A significant wave of bitcoin options is set to expire, potentially delivering another blow to an already strained market grappling with weak institutional demand and macroeconomic headwinds.
Approximately $10 billion worth of bitcoin options are scheduled to expire this Friday at 4:00 PM Beijing time on Deribit, the largest crypto options exchange. With a majority of these being bullish bets placed during a period of subsequent price decline, traders may be forced to adopt defensive or even bearish positions.
Jean-David Pequignot, Chief Commercial Officer of Deribit, noted that the market's positioning was initially structured for a medium-term bullish outlook, but has been upended by the persistent decline in the spot price, leaving the consensus bullish stance significantly misaligned with reality.
Bitcoin briefly fell below the $60,000 mark during Wednesday's New York trading session, hitting a low of $59,023—its weakest level since October 2024. As of Thursday afternoon, it was trading around $61,673. The cryptocurrency has struggled to find stability since the market downturn on October 10th and has now retraced over 50% from its all-time high.
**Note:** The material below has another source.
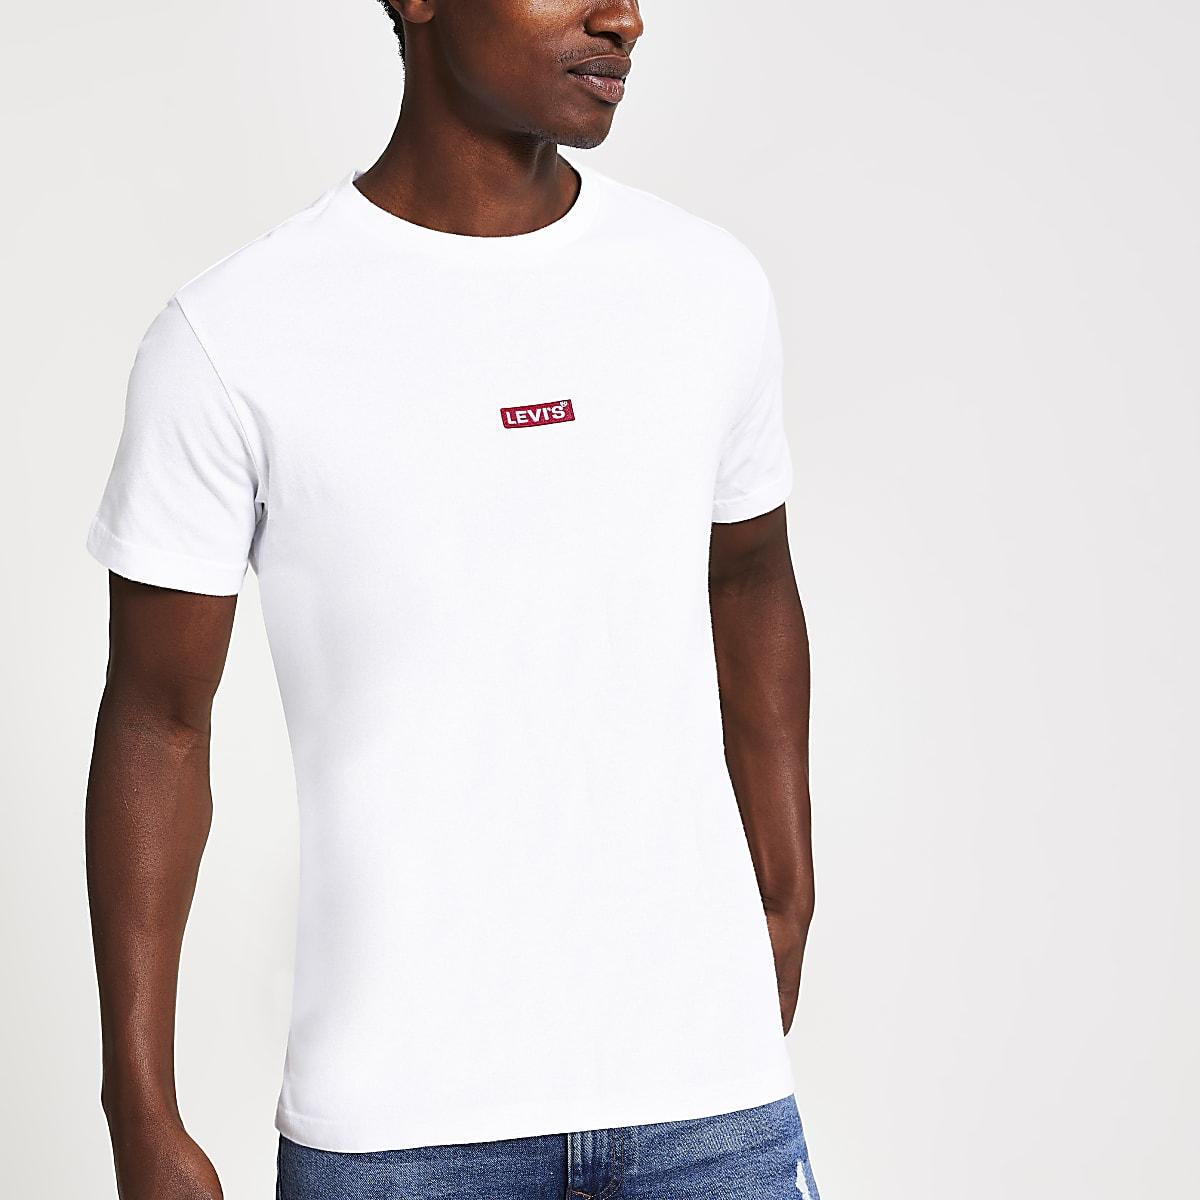 Levi's white logo T-shirt

Currently, Bitcoin is trading below its 200-week moving average, a technical level often viewed as a signal of a long-term bear market. The options expiring on Deribit represent about 37% of the total open interest across all platforms.
Data from Pequignot shows a put/call ratio of 0.83, indicating that bullish bets still outnumber bearish ones. However, a large portion of these call options have strike prices far above the current spot price, rendering them "out-of-the-money" and worthless. Conversely, put options are concentrated in the $60,000-$65,000 and $70,000-$75,000 ranges, suggesting a higher probability of profit for bearish bets.
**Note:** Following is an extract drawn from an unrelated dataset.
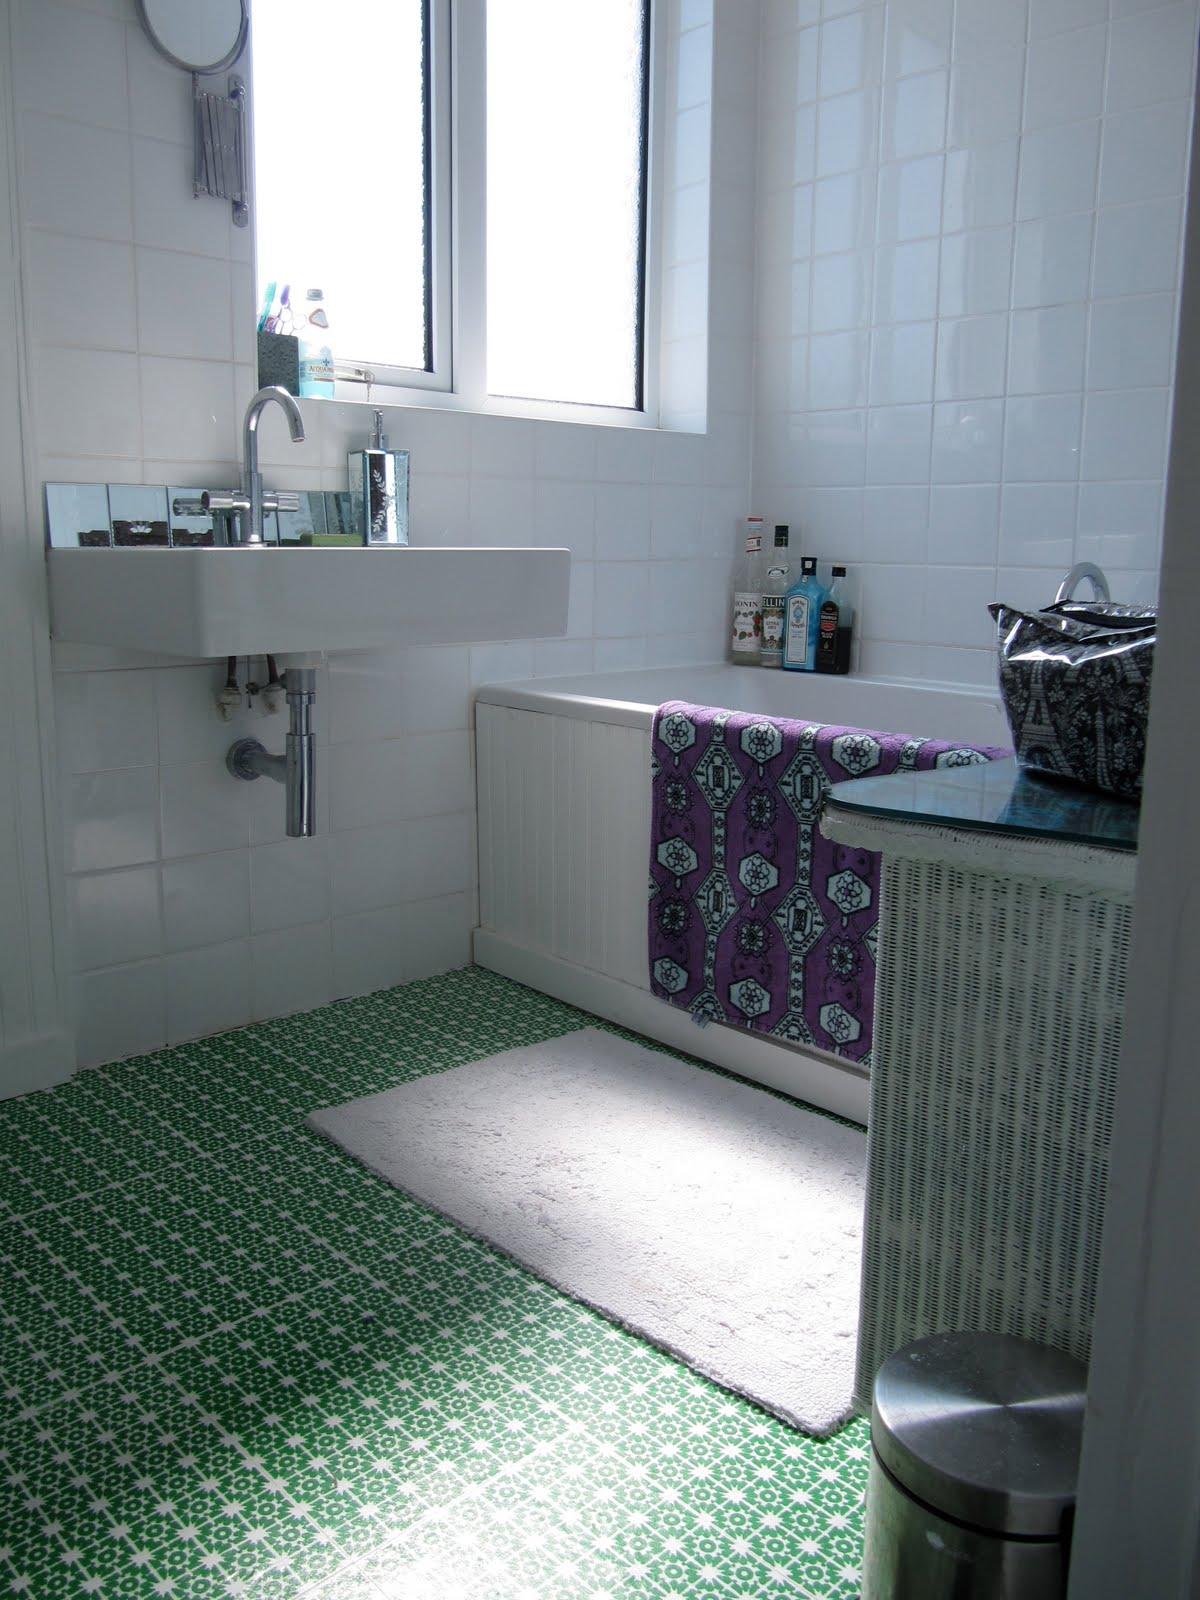 how to stop waterflow on bathroom floor

Adam Haeems, Head of Asset Management at Tesseract Group, pointed out that the expiration process itself merely clears positions and does not dictate market direction. The core issue, he explained, is that this bullish-skewed market structure coincides with quarter-end and typically thin summer liquidity.
He warned that thin order books combined with concentrated expirations mean that whichever direction the market initially moves on Friday could lead to an overshoot, with prices potentially reverting to the mean after market makers unwind their hedging positions.
Haeems emphasized that the heightened volatility around expiration reflects positioning dynamics more than a fundamental trend shift. A more telling test for the market will come in the first full trading week of July, after quarterly contracts have settled and leverage in the system has decreased.
Beyond the derivatives market, the broader macroeconomic backdrop continues to deteriorate. Market data indicates that U.S.-listed spot bitcoin ETFs have seen net outflows of nearly $3 billion since June. MicroStrategy Inc (NASDAQ: MSTR), the world's largest corporate holder of bitcoin, is also under pressure as investor concerns over its debt-servicing capacity grow.
On the macro front, expectations for higher interest rates are diminishing the appeal of non-yielding assets like bitcoin, leading to a continued capital exodus from cryptocurrencies.
Griffin Ardern, Co-founder of Primal Fund, observed that options traders are showing increased bearish sentiment on bitcoin's longer-term prospects. Concurrently, hawkish commentary from Federal Reserve officials and elevated U.S. Treasury yields suggest the market is pricing in tighter liquidity conditions.
Ardern concluded that bitcoin typically underperforms in an environment of contracting liquidity.